As a sports technology company, which is user first, we conduct hundreds of experiments to offer our users world-class experiences. However, conducting clean experiments isn’t always feasible. Given this challenge, and to stay ahead of the curve, we built our very own AI-based Causal Inference Platform, which leverages existing data to determine causal impact. We’ve leveraged Causal Inference to drive critical business decisions. Continue to read this blog to understand Dream11’s AI & data-centric journey.
Causality
In A/B experiments, users are randomly assigned to one of the two or more variants - the current product version ‘A’ (called the control group or CG) or the new product version ‘B’ (called the treatment group or TG). The winning variant is determined based on the performance of CG and TG across various business metrics (e.g. revenue, engagement etc), and is then rolled out to all.
The random allocation of users into TG and CG removes any pre-existing differences between the two. It provides the capability for like-for-like comparisons (See image below). As a result, any differences in performance of business metrics between TG and CG are unlikely to have been caused by factors (like more power users in one of the variants, seasonality, other product changes, etc.) other than the new product version, making it attributable to the new product version. This attribution is also called causality (i.e., the latest product version causes the change in business metrics). A/B Experiments are considered the gold standard to measure the causal impact of a product change on a business metric.
Challenges with current experimentation techniques
Often clean A/B experiments are not possible. For example,
- Some A/B experiments can result in a bad user experience. For eg. we wanted to know how experiencing a deposit failure influences customers on Dream11 and rank the severity of various types of deposit failures. Running an A/B experiment would entail intentionally failing the deposit of a customer in TG, which would negatively impact the customer experience
- Some A/B experiments are not cleanly run. E.g. TG significantly overlaps with another experiment’s TG. Clear attribution is impossible as both experiments move the same metric
- Not everyone in TG may have received the treatment - E.g. emails were sent only to TG, but not everyone opened it. Comparing those who opened the email in the TG with CG who didn’t get an email leads to selection bias.
- Treatment effects may vary across subgroups, and the best approach for each subgroup is unknown. For example, some users may prefer cross-selling, while others dislike it, and some remain indifferent.
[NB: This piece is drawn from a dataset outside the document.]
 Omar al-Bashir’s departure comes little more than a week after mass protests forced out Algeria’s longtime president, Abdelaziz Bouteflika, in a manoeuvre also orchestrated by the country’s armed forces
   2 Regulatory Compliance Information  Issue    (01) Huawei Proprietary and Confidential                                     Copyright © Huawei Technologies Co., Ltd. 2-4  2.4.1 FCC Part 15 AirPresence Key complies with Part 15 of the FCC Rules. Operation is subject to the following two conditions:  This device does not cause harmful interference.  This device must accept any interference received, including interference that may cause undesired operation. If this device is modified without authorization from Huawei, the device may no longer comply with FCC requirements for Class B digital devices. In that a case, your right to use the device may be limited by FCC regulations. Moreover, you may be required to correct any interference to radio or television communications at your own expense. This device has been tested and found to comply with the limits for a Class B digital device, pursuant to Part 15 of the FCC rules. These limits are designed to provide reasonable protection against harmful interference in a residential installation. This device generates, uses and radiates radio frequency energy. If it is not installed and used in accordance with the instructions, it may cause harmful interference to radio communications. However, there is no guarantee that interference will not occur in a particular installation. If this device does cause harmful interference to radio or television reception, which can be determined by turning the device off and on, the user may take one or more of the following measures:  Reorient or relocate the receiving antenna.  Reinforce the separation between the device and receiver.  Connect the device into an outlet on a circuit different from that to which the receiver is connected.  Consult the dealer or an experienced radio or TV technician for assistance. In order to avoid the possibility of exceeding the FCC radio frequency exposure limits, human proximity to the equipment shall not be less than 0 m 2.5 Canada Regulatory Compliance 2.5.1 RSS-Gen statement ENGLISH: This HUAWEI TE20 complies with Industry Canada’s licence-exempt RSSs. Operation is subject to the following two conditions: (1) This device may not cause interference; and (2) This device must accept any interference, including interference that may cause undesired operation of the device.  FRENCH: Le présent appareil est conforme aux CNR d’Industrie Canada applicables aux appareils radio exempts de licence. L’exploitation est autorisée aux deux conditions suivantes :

Understanding the treatment's impact on individual users is essential, rather than seeking a one-size-fits-all solution for all users.
- Experiments may be time-consuming, and we need to learn from existing data
In such situations, we must use alternative approaches to estimate the (causal) impact.
AI-based Causal Inferencing
Causal Inferencing leverages AI to determine the causal impact i.e. whether X (product feature) causes change in Y (business metrics) and by how much. Causal Inference leverages observational data i.e., existing data, and hence doesn’t require running the experiment.
Let’s continue with one of the examples mentioned above. Dream11 wanted to know how experiencing a deposit failure influences customers’ money spent on the platform and accordingly rank the severity of types of deposit failures. Causal Inference was used to compare two groups that have attempted at least 1 Deposit:
- TG: Faced a Deposit issue (Delay or failure in a transaction) but did not report it
- CG: Did not face any issues
Unlike A/B experimentation, the TG and CG aren’t randomly allocated, leading to pre-existing differences, e.g. tenure of the user playing on the app. Although the TG exhibited lower spending on the platform, this couldn’t solely be attributed to deposit failures. It might also be due to new users not knowing where to report an issue. These pre-existing differences that influence the outcome metric are called confounders.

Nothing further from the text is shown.